● Exercise instructions
Retype exactly the lines of the listing below from the one with "White ceramic plate" through the last, both included, and leave every picture out.

● Input data
┄┄┄┄┄┄┄┄┄┄┄┄┄┄┄┄┄┄┄┄

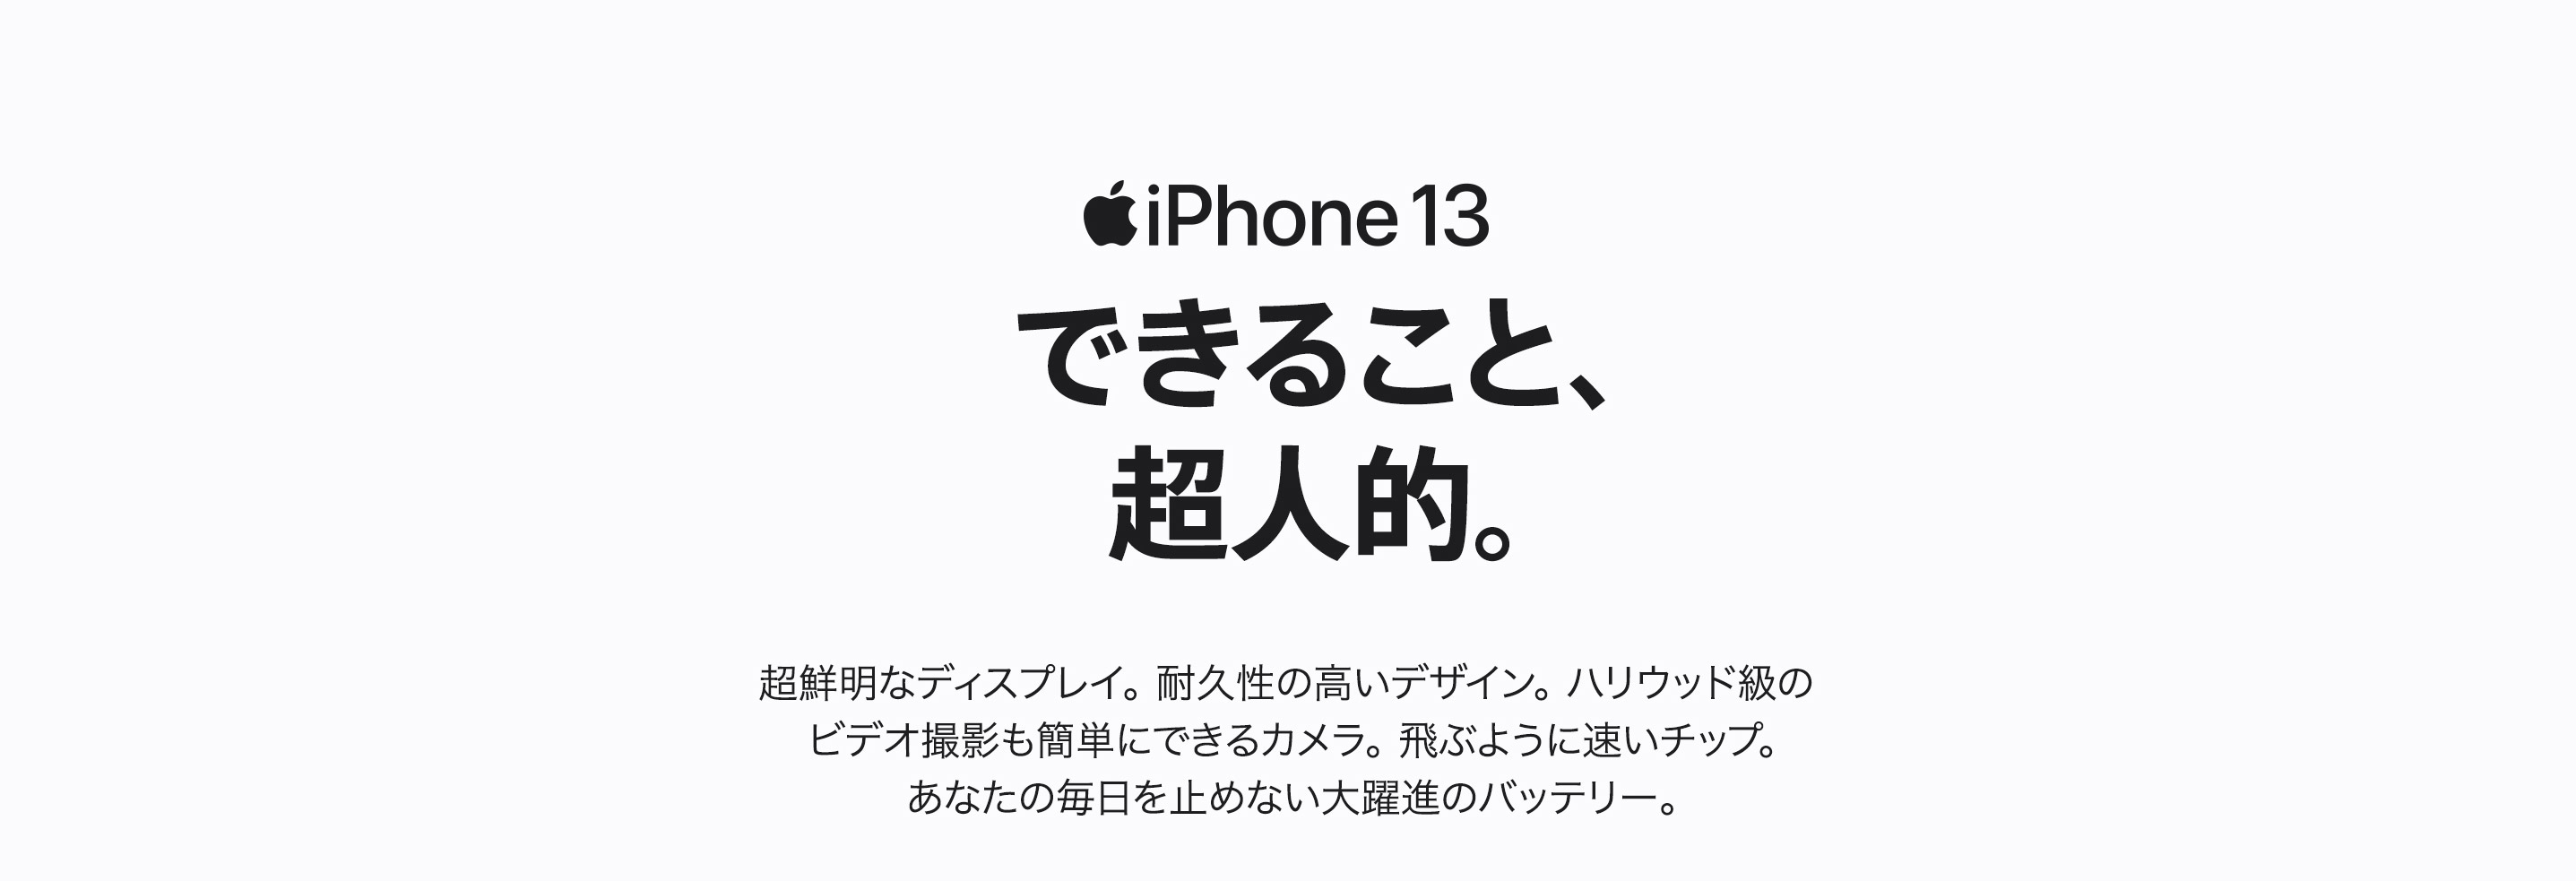 iPhone 13・iPhone 13 mini
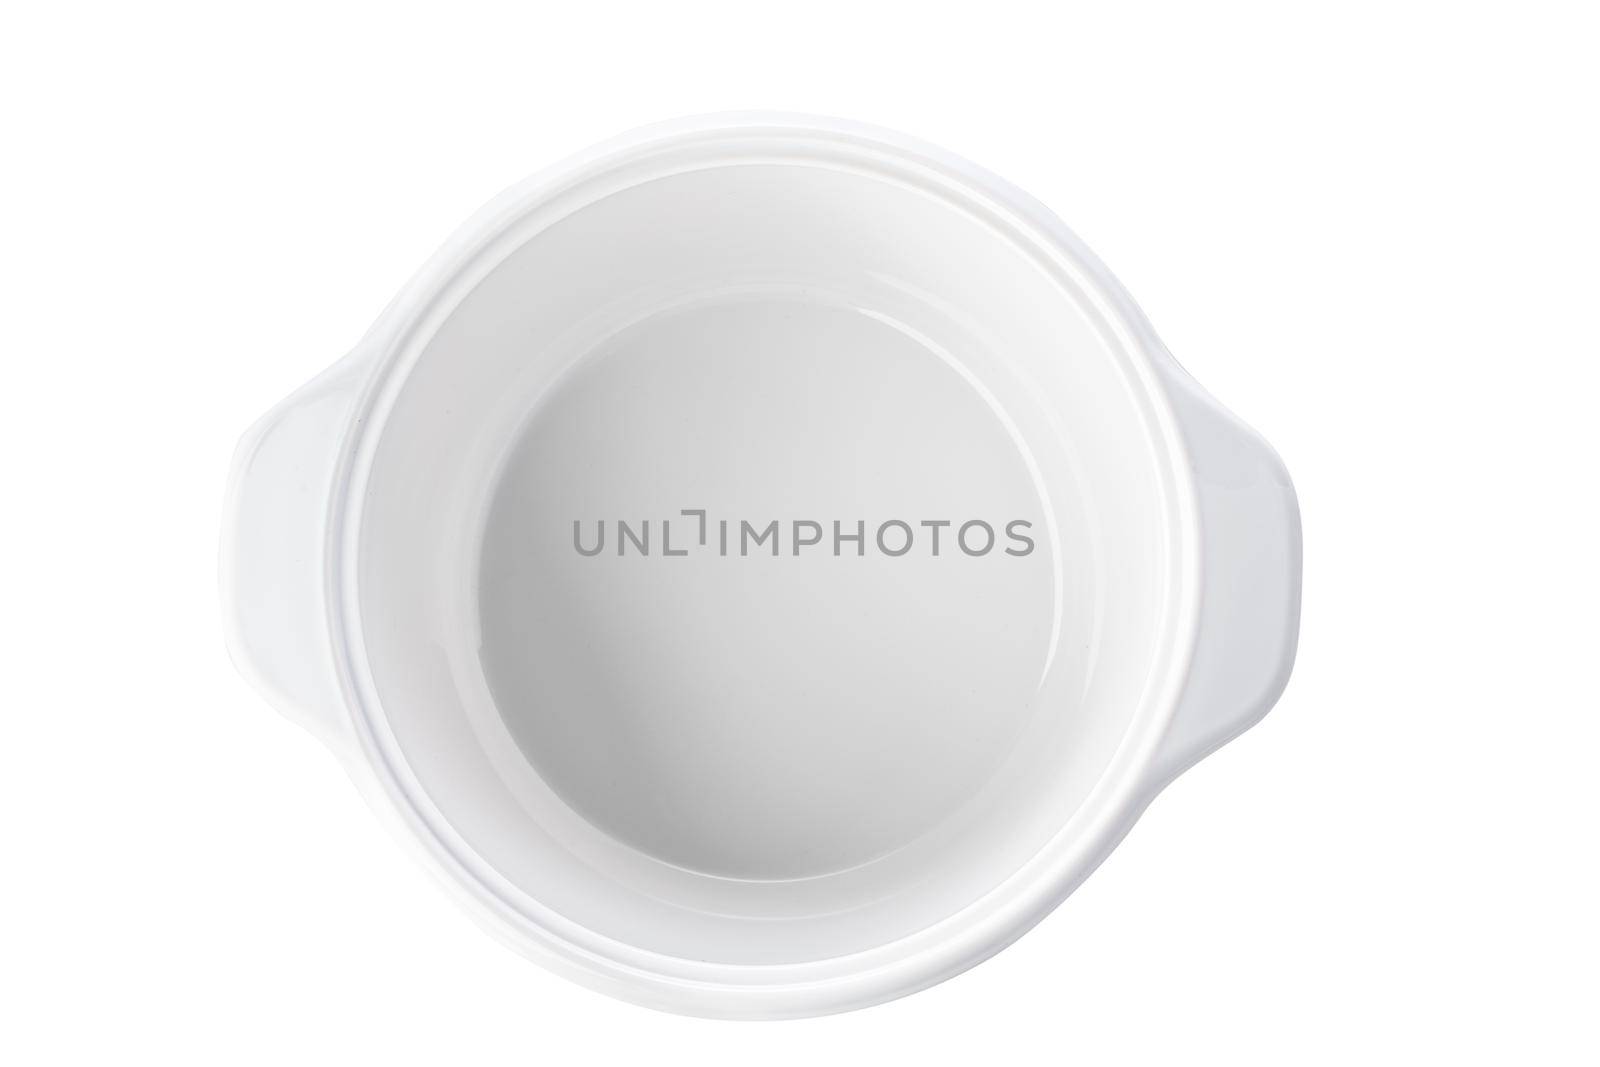 White ceramic plate isolated on white background by Fabrikasimf
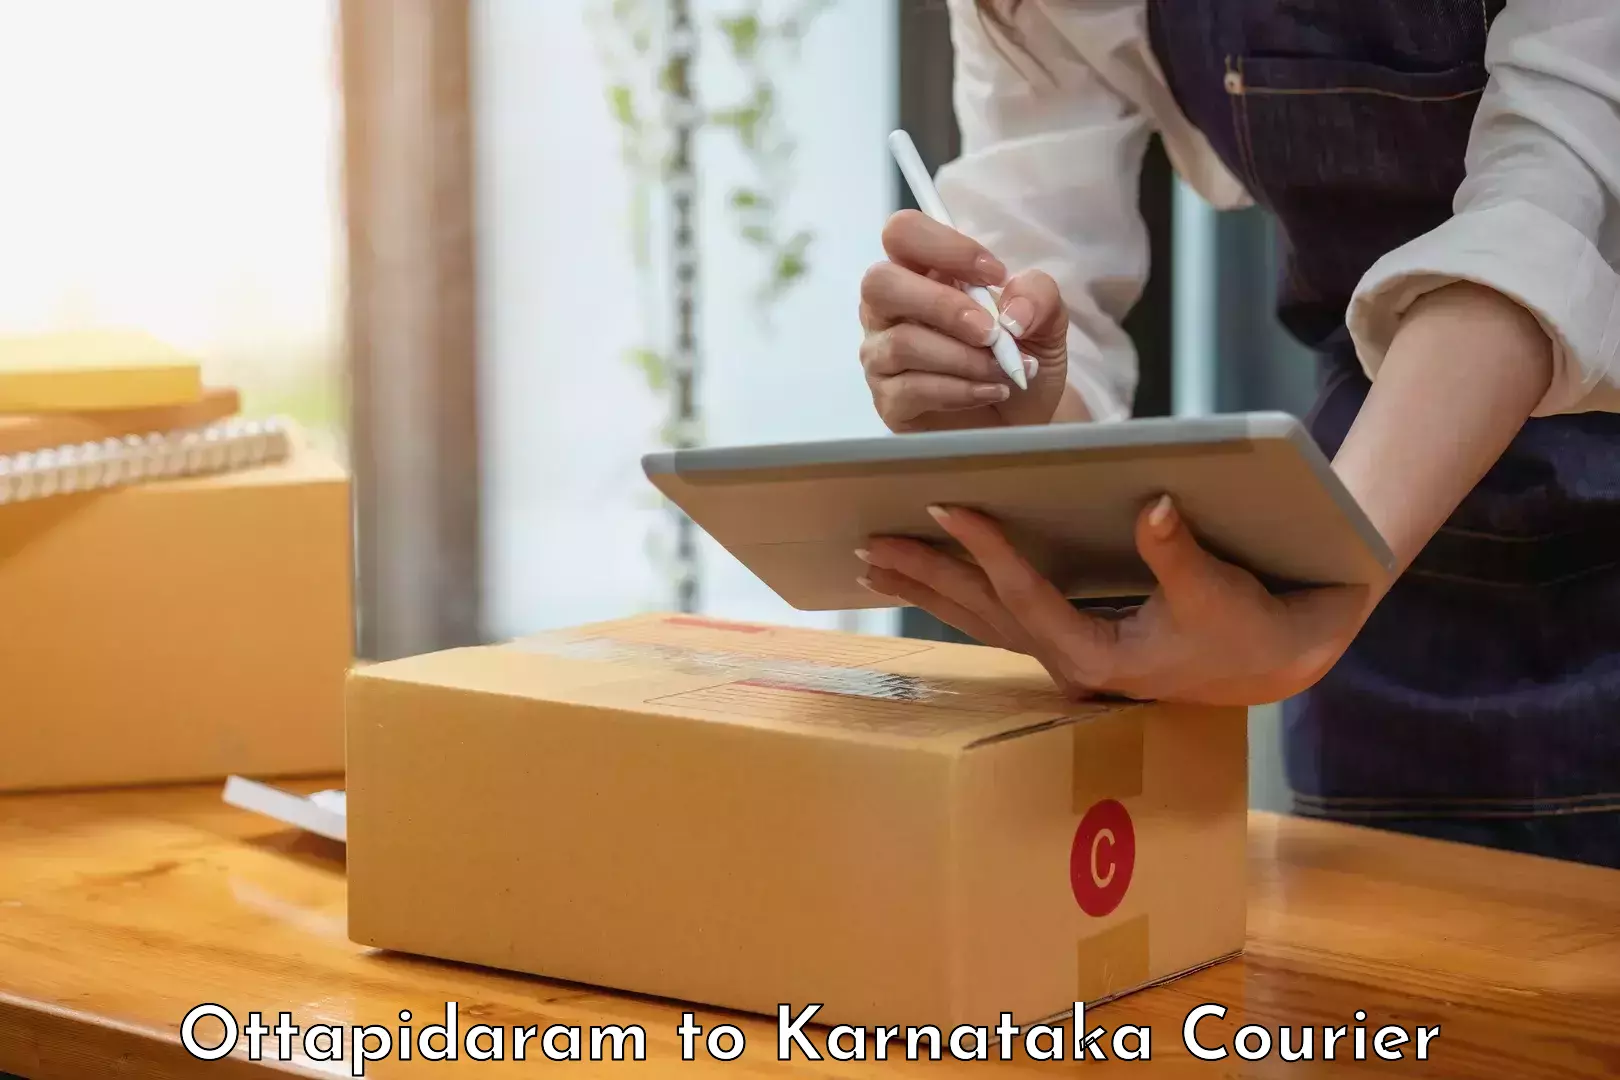 Lightweight parcel options Ottapidaram to Karnataka
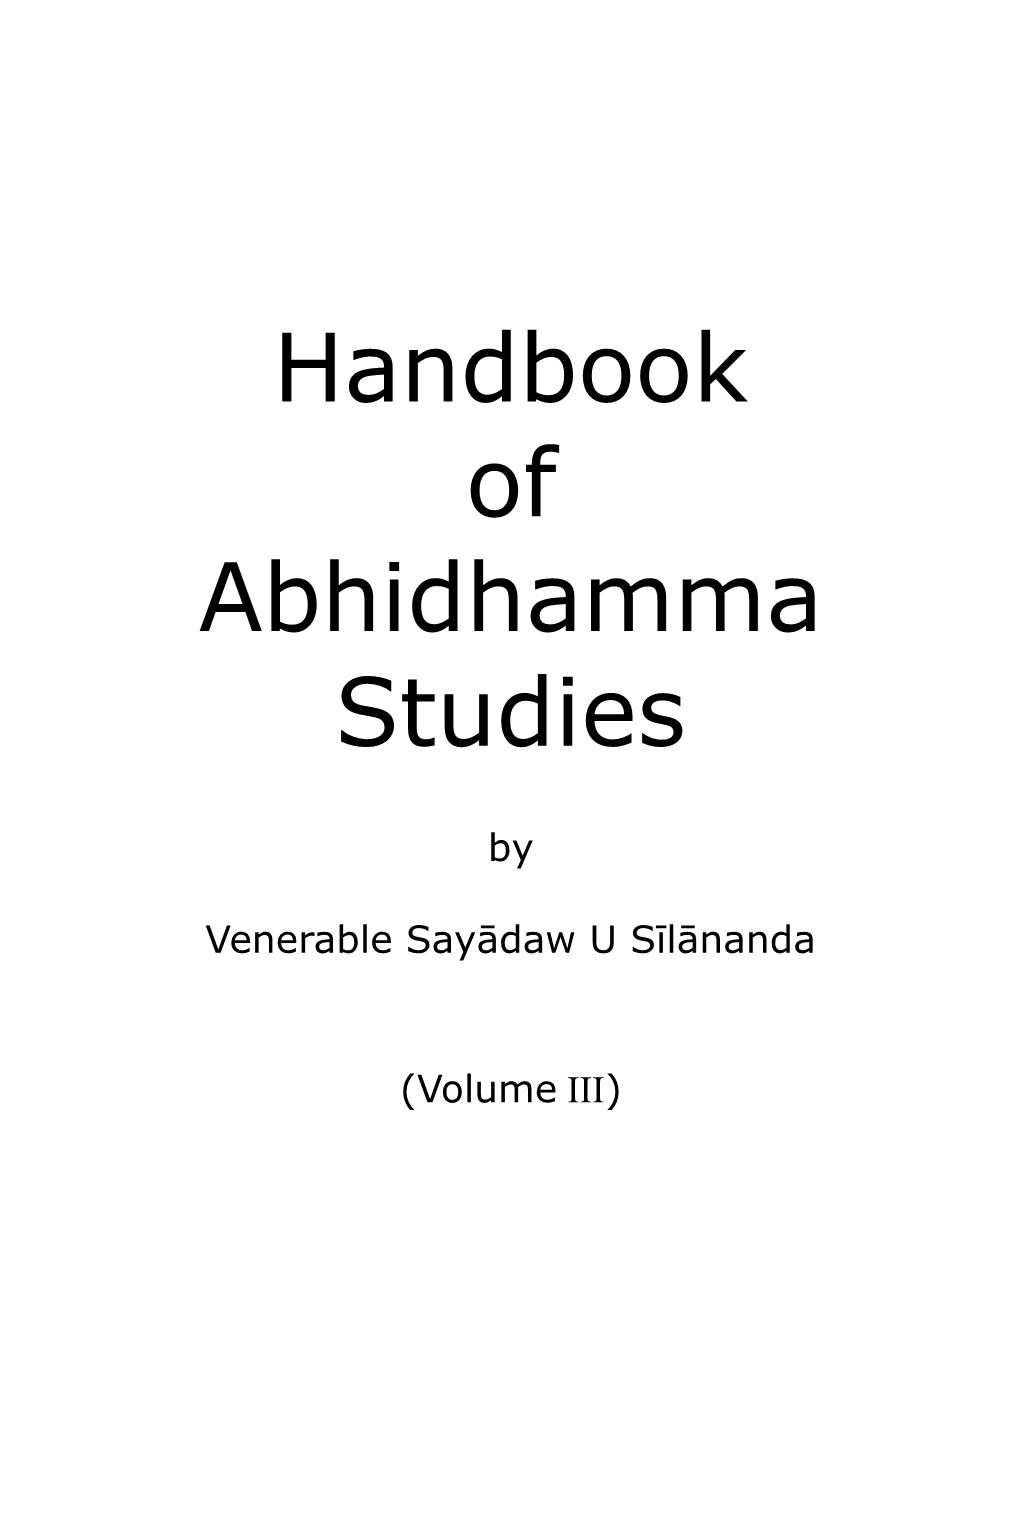 Handbook of Abhidhamma Studies

┄┄┄┄┄┄┄┄┄┄┄┄┄┄┄┄┄┄┄┄

● Result
 White ceramic plate isolated on white background by Fabrikasimf
 Lightweight parcel options Ottapidaram to Karnataka
 Handbook of Abhidhamma Studies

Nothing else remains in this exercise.